• Task description:
Could you restate word for word the lines running from the one with "Kıvırcık Senyorita TM" to the end of the data, both ends included, but without pictures?

• Recorded data:
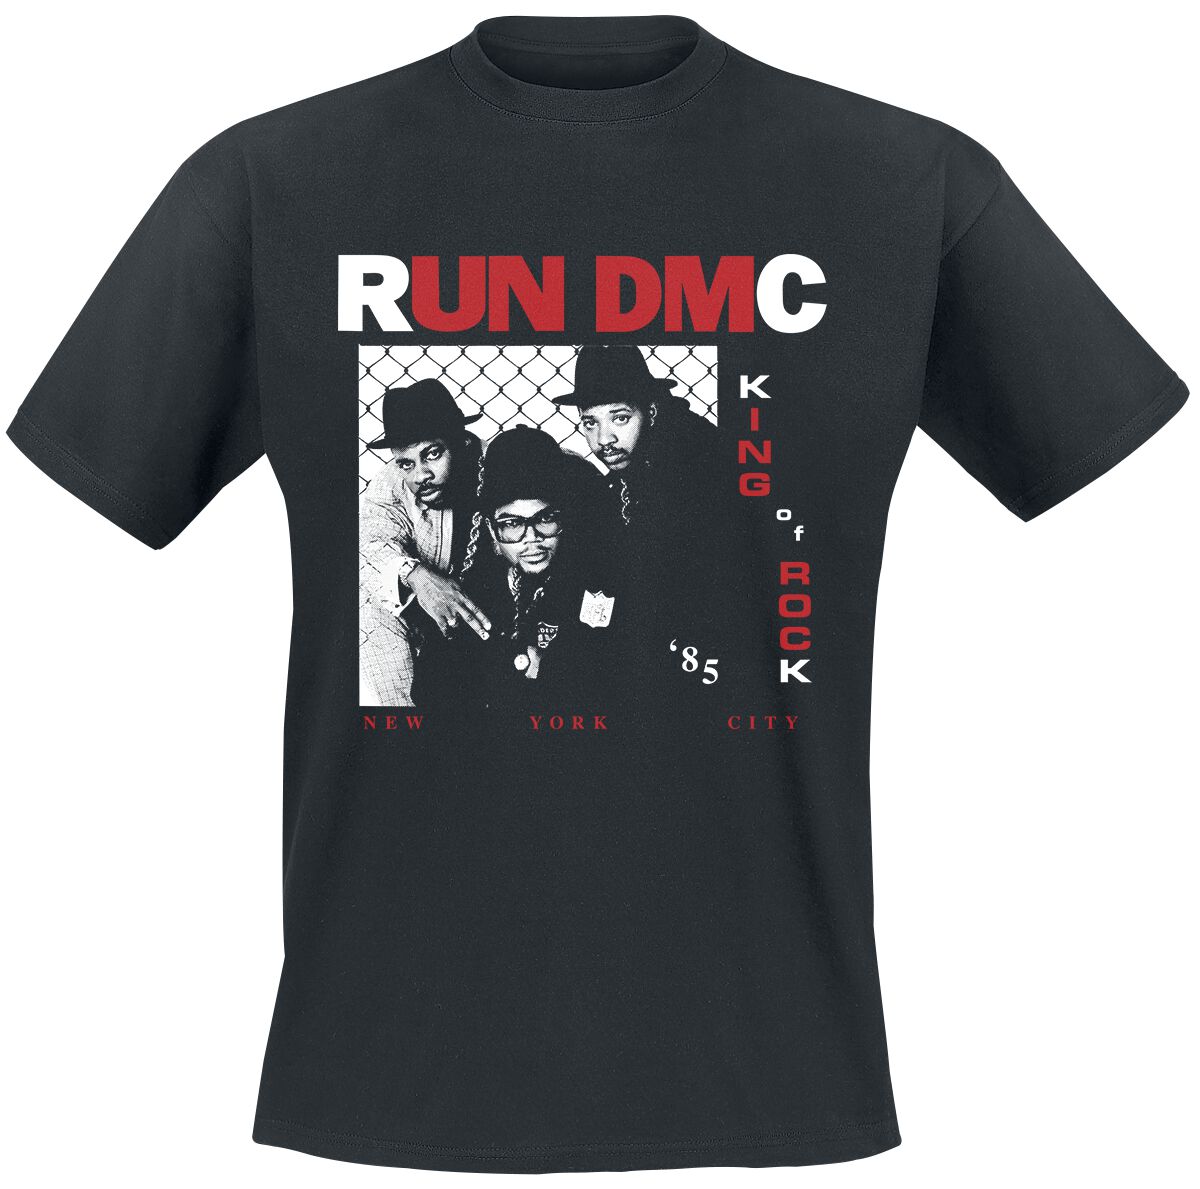 Run DMC T-Shirt - King Of Rock Photo - S bis XL - für Männer - Größe M - schwarz  - Lizenziertes Merchandise!
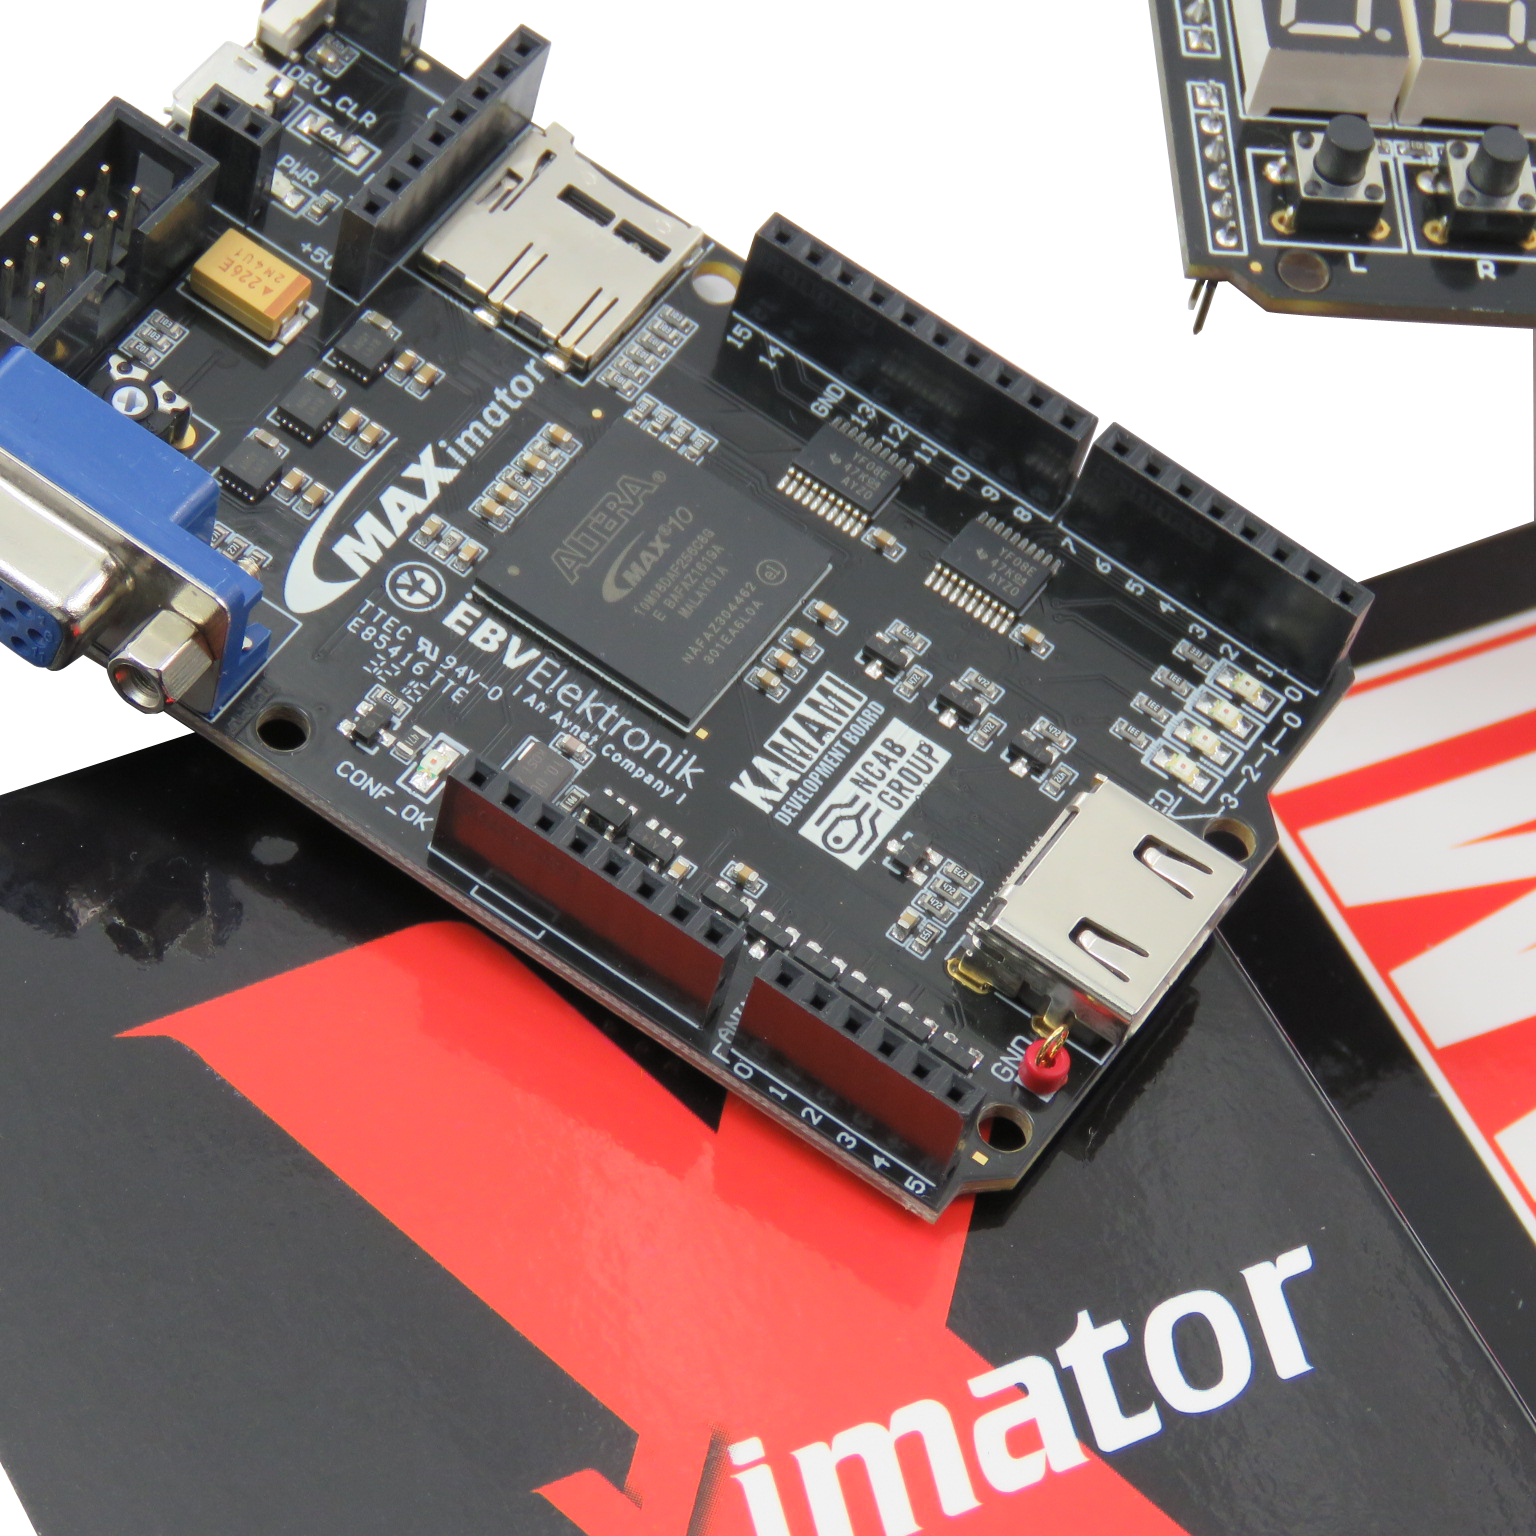 maXimator - Altera MAX10 FPGA development board
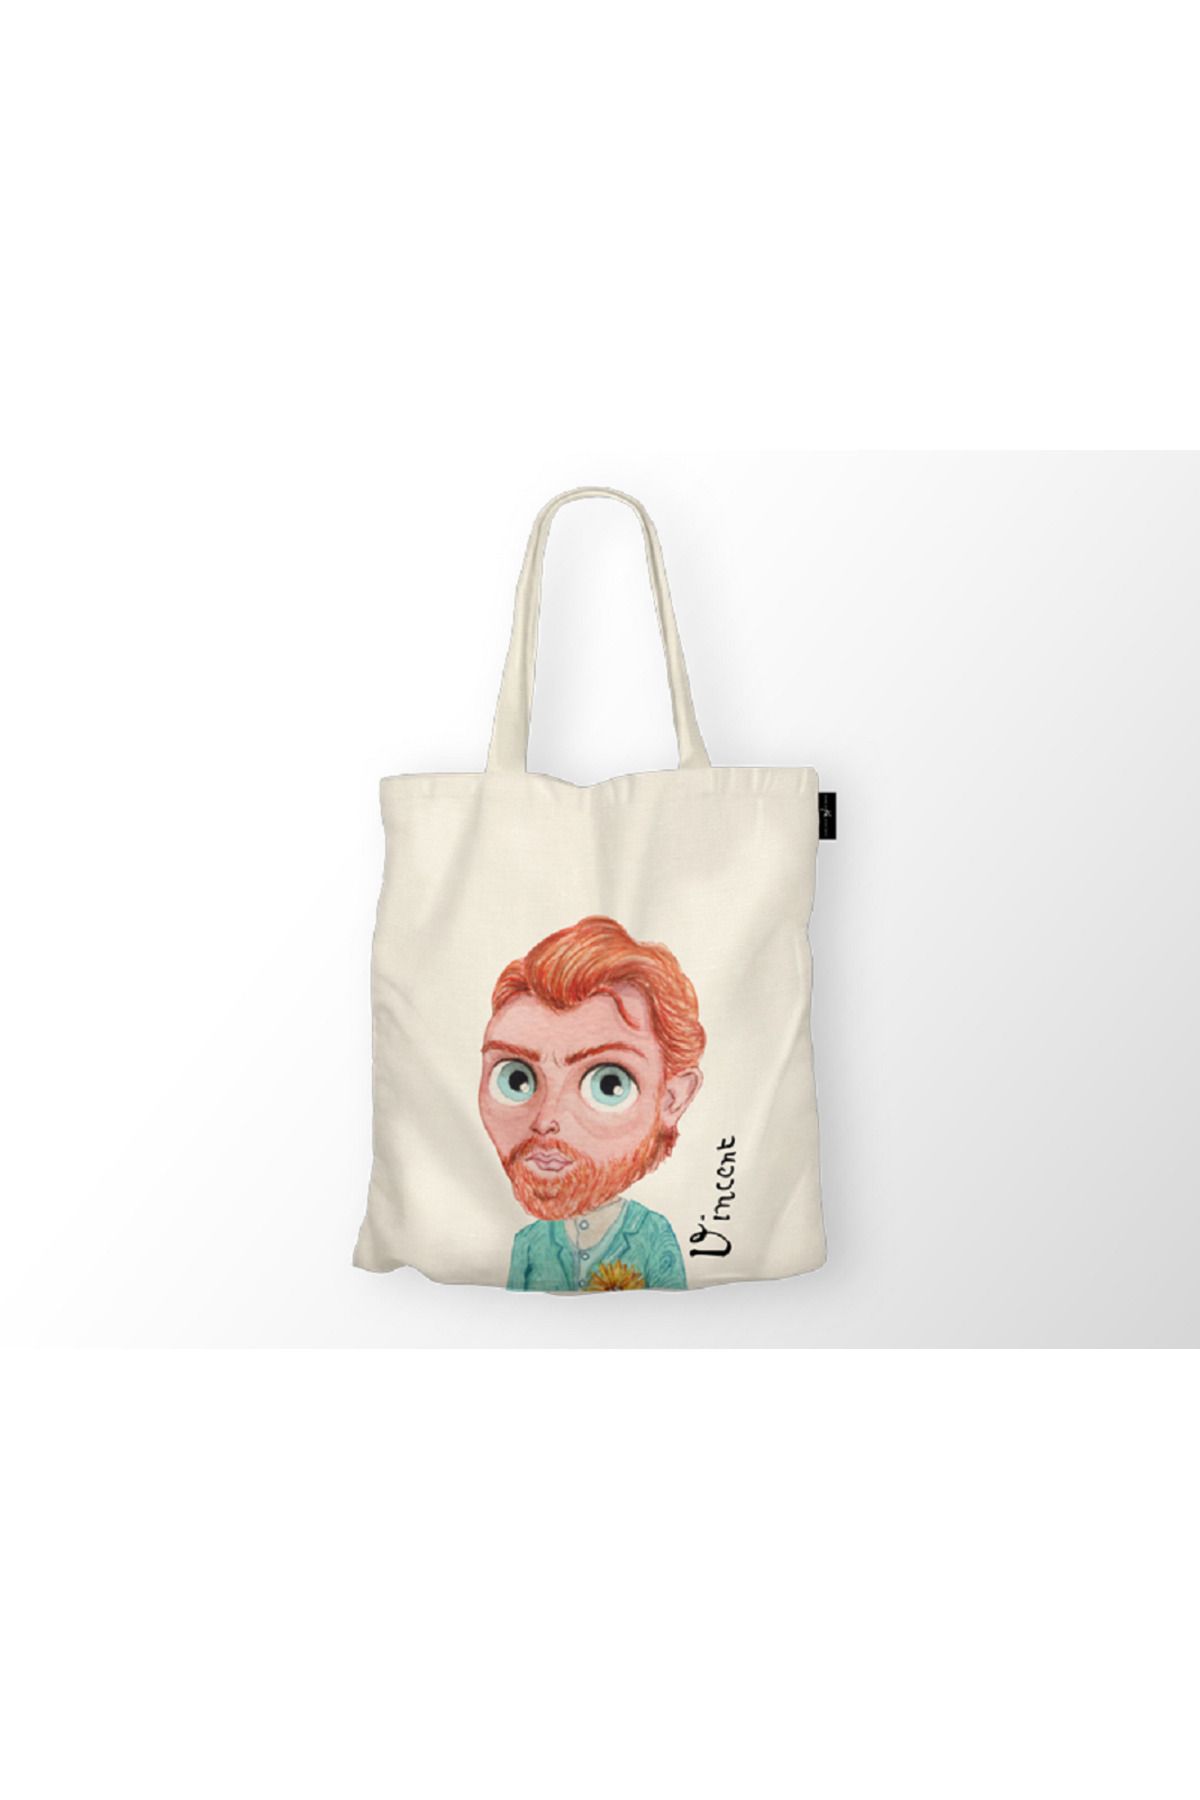 Kıvırcık Senyorita TM Bez Çanta - Van Gogh Baskılı Bez Çanta - Desenli Omuz Çantası - Keten Çanta
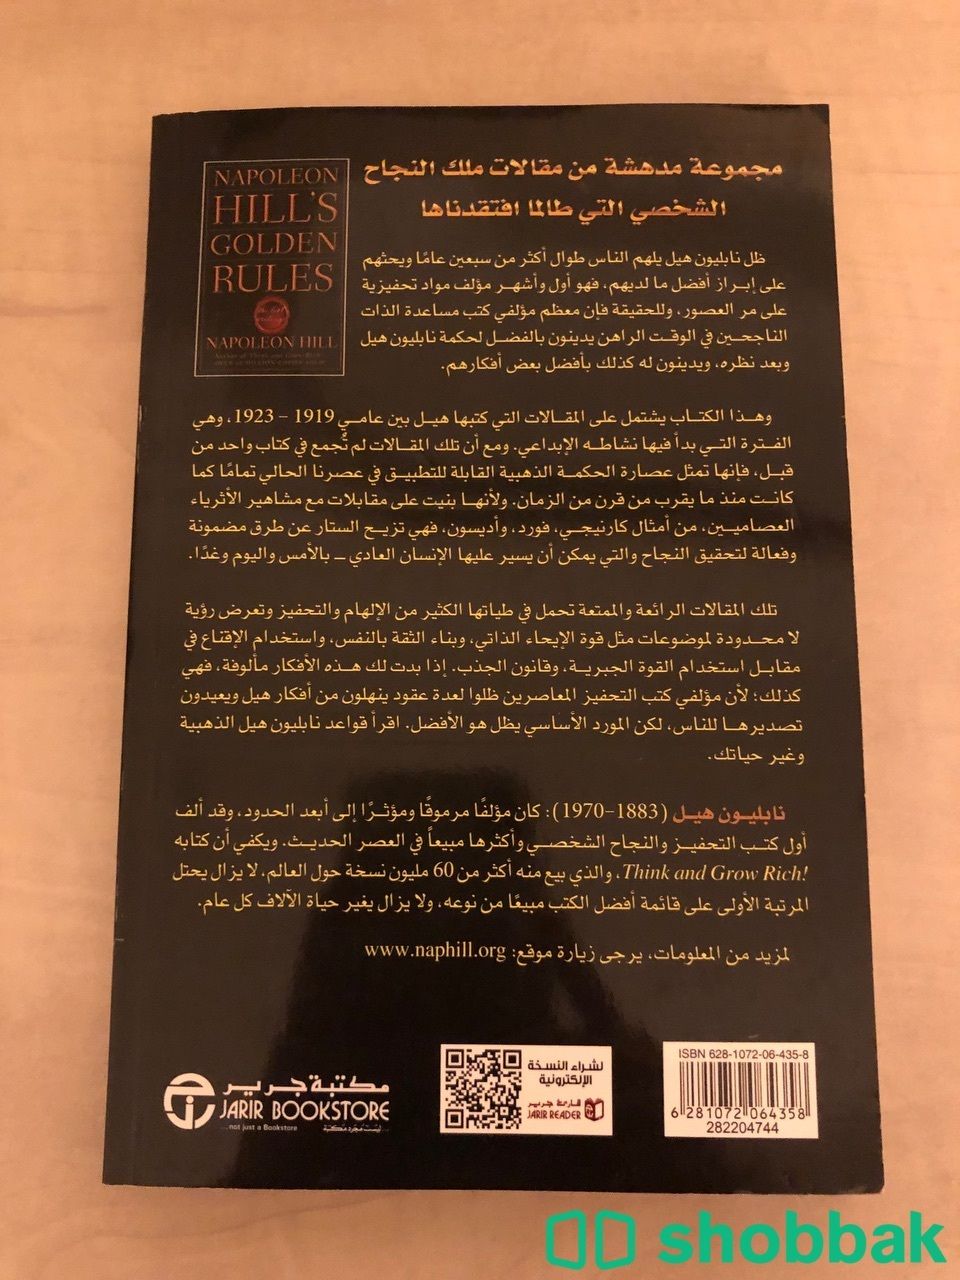 كتاب القواعد الذهبية لنابليون هيل50 شباك السعودية

• Solution to this exercise:
 Kıvırcık Senyorita TM Bez Çanta - Van Gogh Baskılı Bez Çanta - Desenli Omuz Çantası - Keten Çanta
 كتاب القواعد الذهبية لنابليون هيل50 شباك السعودية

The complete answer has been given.